▶ [Material provided]
——————————

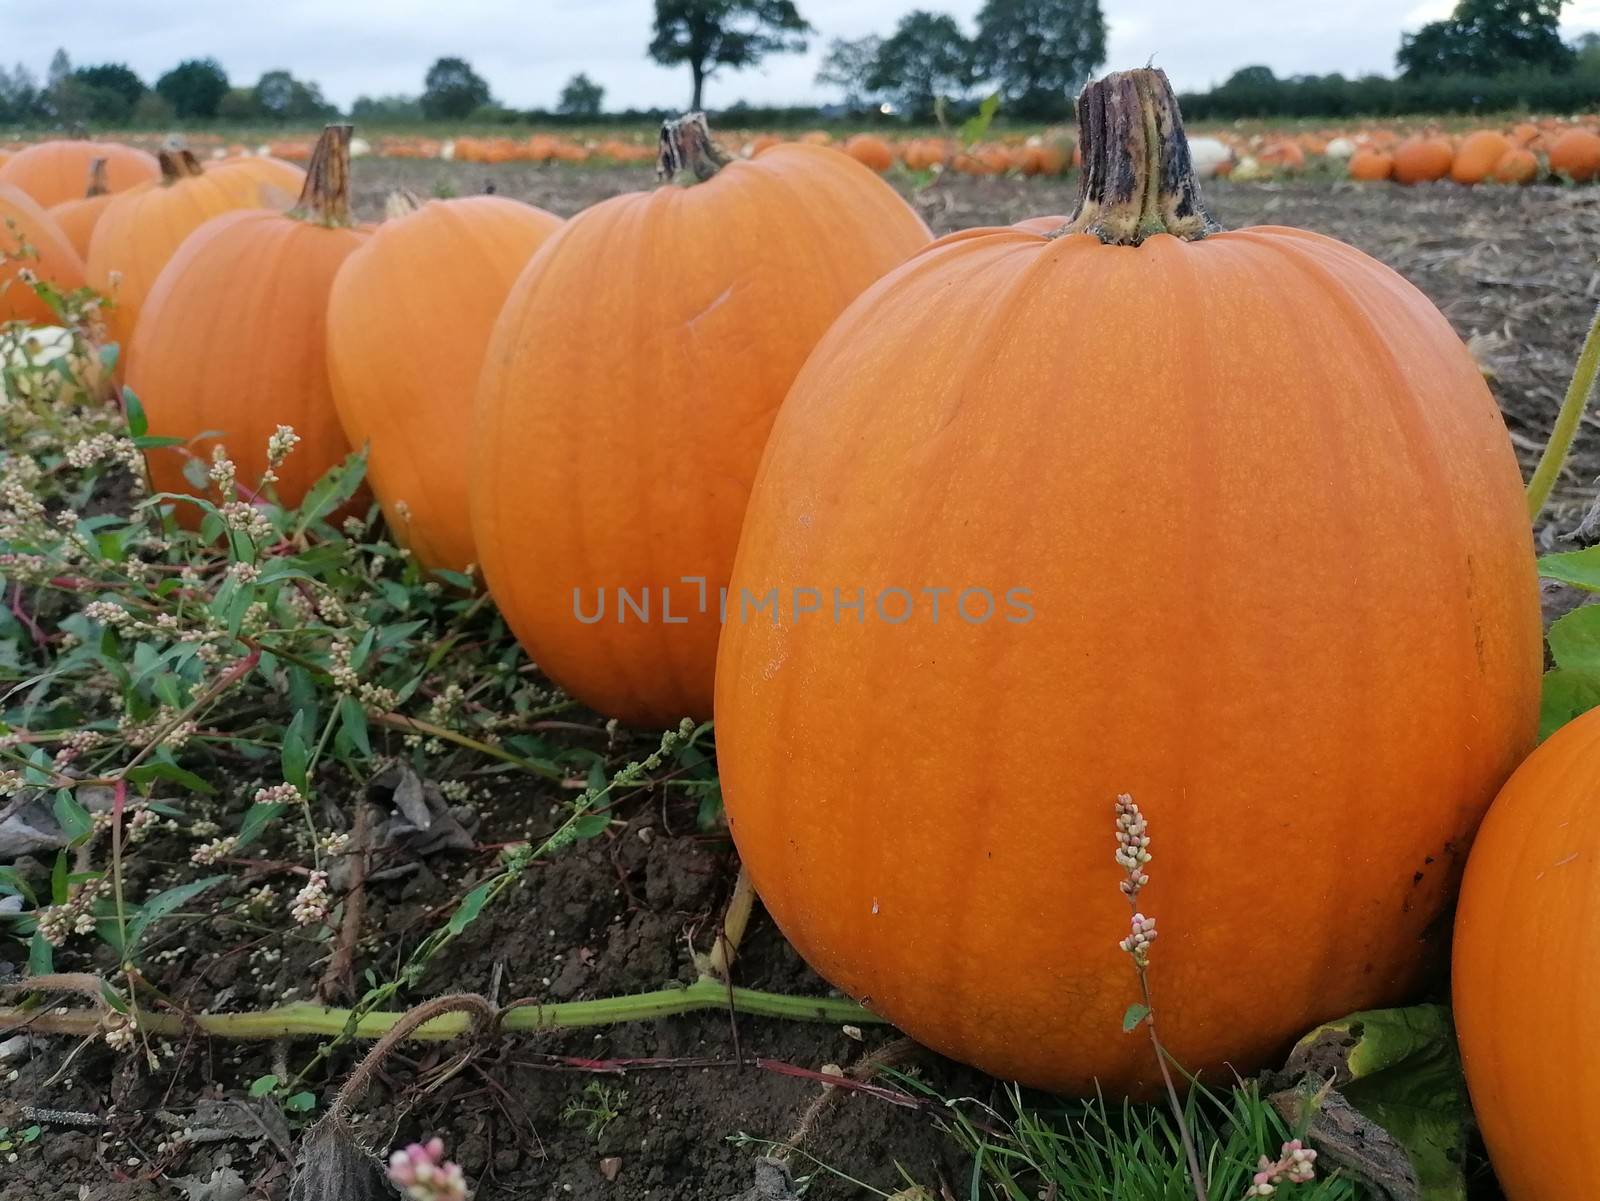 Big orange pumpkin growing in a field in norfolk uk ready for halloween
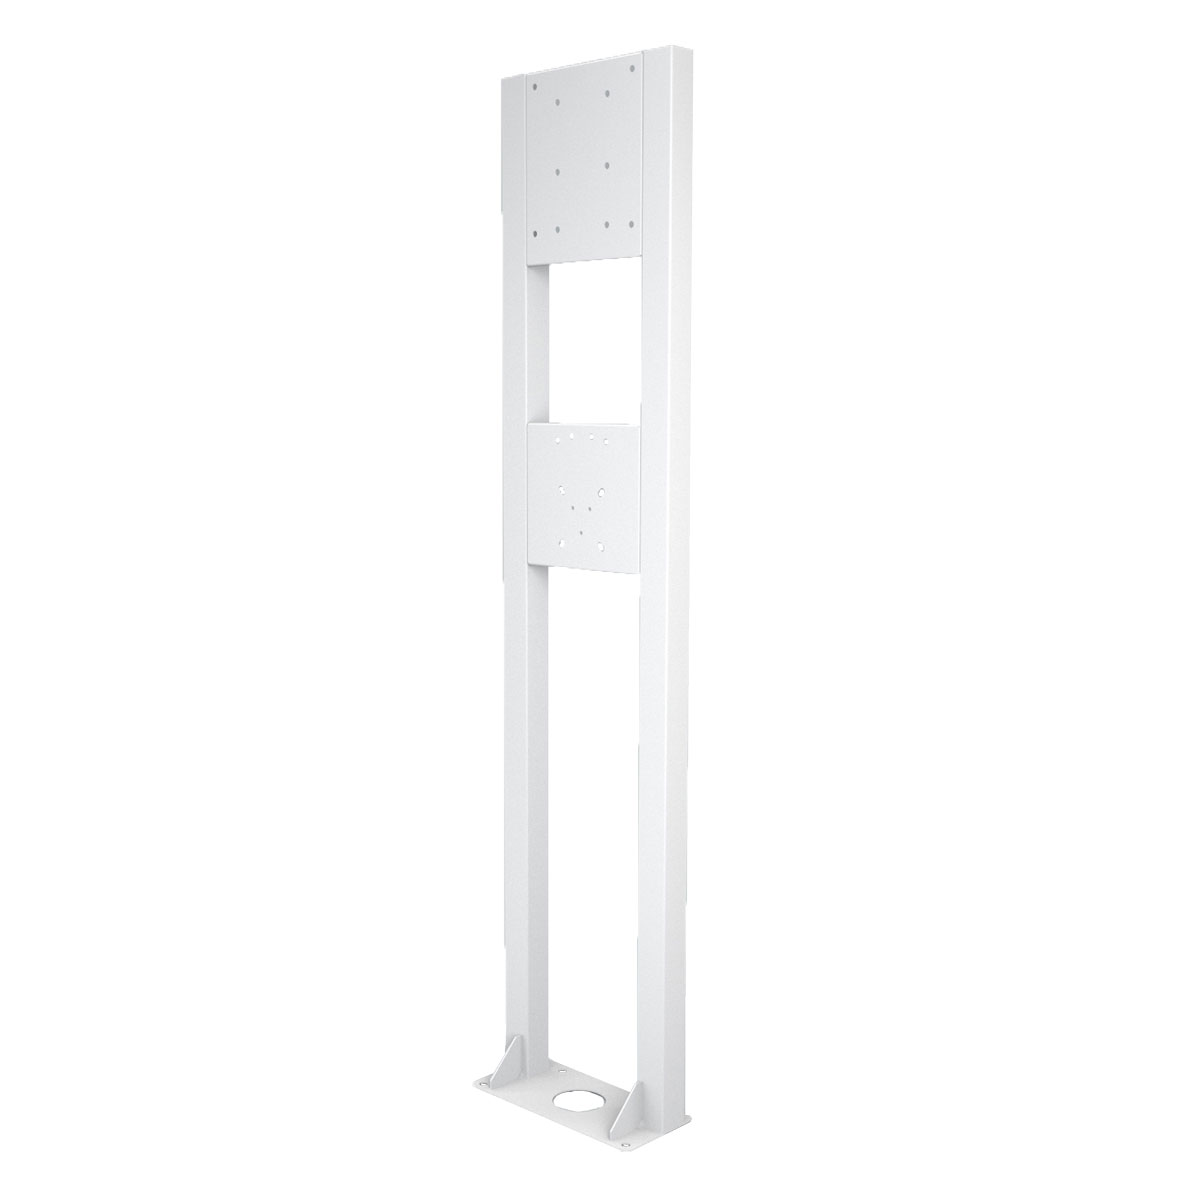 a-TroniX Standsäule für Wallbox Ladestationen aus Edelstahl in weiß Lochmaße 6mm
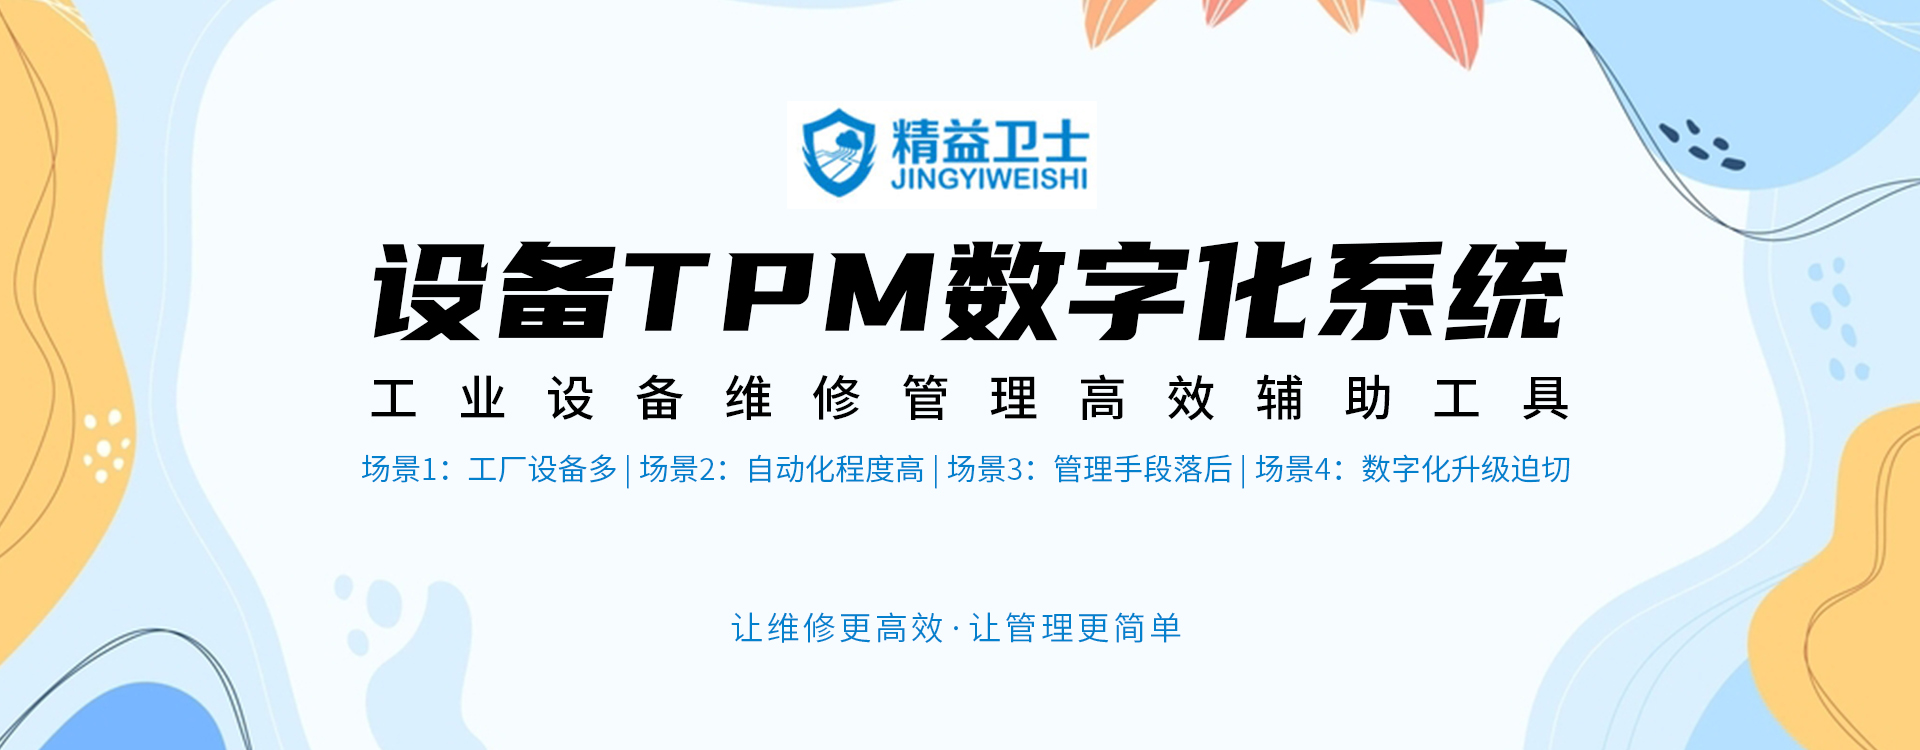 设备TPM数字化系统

——————————

Leaving out all pictures, repeat word for word the lines from the one containing "a-TroniX Standsäule für" through the final line of the material above.

▶ [Exercise response]
 a-TroniX Standsäule für Wallbox Ladestationen aus Edelstahl in weiß Lochmaße 6mm
 设备TPM数字化系统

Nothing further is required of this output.